El Juicio Político a la Corte complica el avance de las leyes económicas de Sergio Massa

Juntos por el Cambio ha informado que no se dará quórum para tratar ningún proyecto mientras siga la embestida contra el Máximo Tribunal.

Con la esperanza de que el presidente Alberto Fernández convoque sesiones extraordinarias en el Congreso, la oposición ha agregado que no debatirá ninguna iniciativa del oficialismo mientras el Frente de Todos insista con el Juicio Político a la Corte. La decisión recayó en el ministro de Economía, Sergio Massa, quien pretende enviar y aprobar un paquete de medidas que generen ingresos de fondos.

«Mientras siga este atropello contra la Corte no vamos a prestar quórum y darle viabilidad a ningún proyecto que impulse el Gobierno Nacional o el Frente de Todos», afirmó en un comunicado de la Mesa Nacional de JxC.

El más afectado es Massa quien tiene un listado de ideas y proyectos en carpeta que necesita aprobación parlamentaria. Uno de los principales es el blanqueo («Declaración Voluntaria del Ahorro Argentino no Exteriorizado») con el que apuesta al ingreso de divisiones.

El texto aún no fue presentado en el Congreso, pero desde Economía habían difundido las bases del proyecto pena a quienes se sumen al blanqueo con una tasa del 2,5% al ​​7,5% depende cuánto tiempo tarden en declarar ya cambio recibirn algunos beneficios.

Como saben, existe la intención del Ministro de que el Congreso apruebe una suba de impuestos que le permita fondear el incremento de la coparticipacion para la Ciudad que dispuso la Corte en su fallo. Otra iniciativa que no fue enviada aún, pero se analiza una suba de la alícuota al juego on line y un impuesto a los bancos. La idea es por tanto $200.000 millones adicionales.

Por otra parte, como parte de la adquisición con el FMI, Massa se ha comprometido a devolver la ley Antilavado, con los parámetros exigidos por el Grupo de Acción Financiera Internacional (GAFI).

Como usted sabe, algunas Economías pretenden estimular cosas que promuevan incluso impuestos de beneficio e intercambios para promover la industrialización y exportación de Gas Natural Licuado (GNL) e Hidrógeno Verde. Y conseguir aprobar la ley de Agroindustria, que sí tiene estado parlamentario pero nunca avanzó en el debate.

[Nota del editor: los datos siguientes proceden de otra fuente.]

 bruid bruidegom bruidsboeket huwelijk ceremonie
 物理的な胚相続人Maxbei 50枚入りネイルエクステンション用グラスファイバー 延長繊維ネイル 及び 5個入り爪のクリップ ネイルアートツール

Otro anuncio de iniciativa que debería tratarse en el Congreso y que el oficialismo podría incluir en extraordinarias es el proyecto llamado Monotecnología que apunta a que los trabajadores monotributistas del rubro tecnológico pueden facturar y cobrar en moneda extranjera.

Más proyectos de alfombras

Como si pocos, Massa anunció esta semana un nuevo proyecto para reformar el INDEC que planteó ese mar más independiente y descentralizado, que designe a sus autoridades con aguas abajo del Congreso, que amplíe el mandato y que adapte la «producción estadística a las nuevas prácticas internacionales».

A su vez, el tema que tiene media sanción del Senado y quedó pendiente de tratamiento en Diputados es el de la nueva moratorias temporales, una iniciativa de La Cámpora junto con la titular de ANSES, Fernanda Raverta, que apunta a que las personas que no cumplen con los años de aportes suficientes pueden acceder a la júbilo.

En la oposición reconocen que algunos de estos temas, como Agroindustria, estaban siendo conversados ​​con el sector massista para intentar desbloquearlos. Pero los hechos frenaron todo. En una de las últimas sesiones, por ejemplo, el bloque de Evolución Radical estaba dispuesto a acompañar la creación de universidades nacionales, que tampoco acompañarían si se incluyera en este contexto.

«Nada se acompañará porque (el juicio político a la Corte) nos parece prioridad número uno», coincide.

Lo cierto es que el tema del juicio político terminó de caldear el clima en Diputados. La Cámara surge de tres sesiones caídas en menos de un mes. Una de ellas levantó por el escándalo desatado entre las bancadas de JxC y el FdT, en el que los legisladores casi van a las manos.

Toda la tensión tiene que ver con temas ligados a la Justicia. El encontronazo primero se dio en torno a la designación de los consejeros de la Magistratura y después el anuncio del Gobierno de que no cumpliría el fallo de la Corte devolverle los fondos de la coparticipación a la Ciudad. Ahora el juicio que el Gobierno impulsa contra los jueces del Máximo Tribunal.